O primeiro caso conhecido de cultivo da papoula na Índia data do século XI. No tempo do império Mongol (século XVI), a produção e o consumo de ópio nesse país já eram fatos normais.

O ópio era conhecido também na Europa na Idade Média, e o famoso Paracelso o ministrava a seus pacientes.

Quando utilizado por prazer, era ingerido como chá. O hábito de fumar ópio conta umas poucas centenas de anos. Em muitas sociedades orientais tradicionais, recorre-se ao ópio contra dores nas enfermidades do corpo mas, também, como tranqüilizante. É também instrumento de relaxamento e de sociabilidade.
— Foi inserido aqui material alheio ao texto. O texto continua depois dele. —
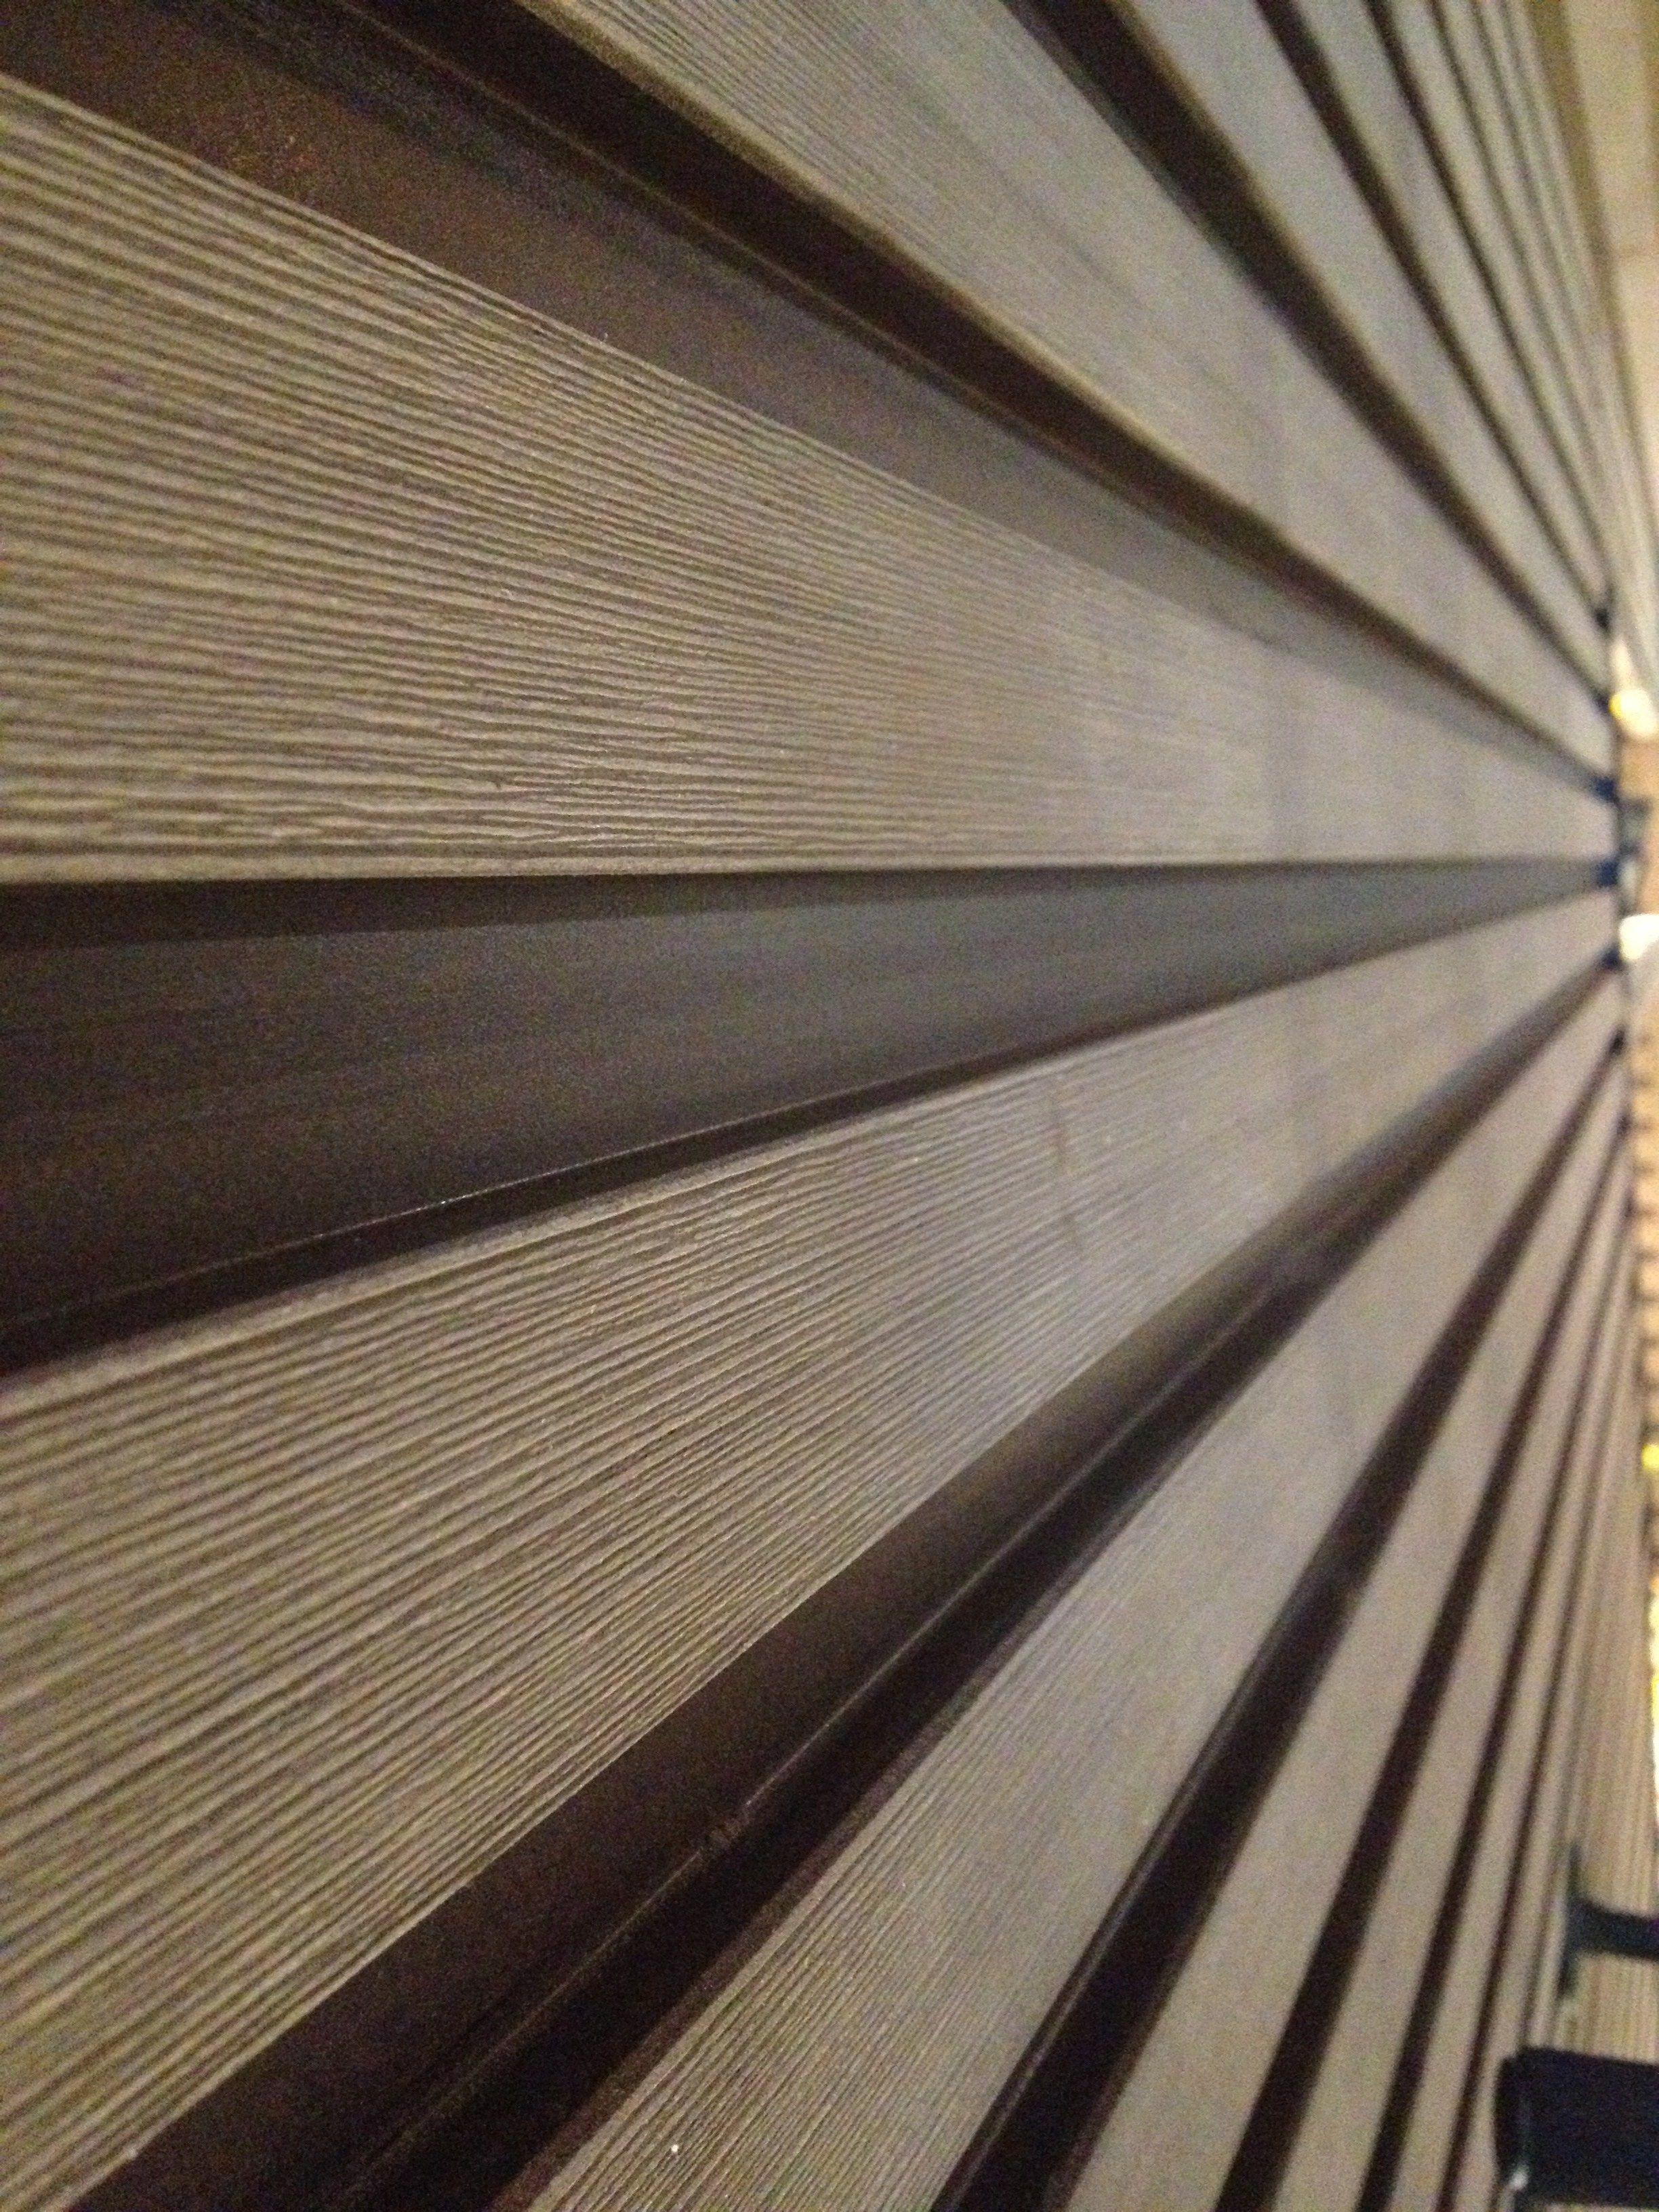 Rivestimenti per pareti interne MODULATUS INDOOR by WOODN INDUSTRIES

No século XIX, a "British East India Company" produzia ópio na Índia e o vendia para a China. A insistência do governo chinês em reprimir a venda e o uso da droga que se alastrava, levou a um conflito com a Inglaterra, conhecido como a "Guerra do Ópio". Os ingleses obrigaram a China a liberar a importação da droga e como resultado, em 1900, metade da população adulta masculina chinesa era descrita como dependente da droga.

Amplamente aceita como droga recreativa no Oriente, e comprado livremente na Inglaterra e Estados Unidos, até fins do século XIX, o ópio provocou o surgimento de "casas de ópio" na maioria das cidades européias. Foi somente no início do século XX que o seu consumo começou a ser proibido.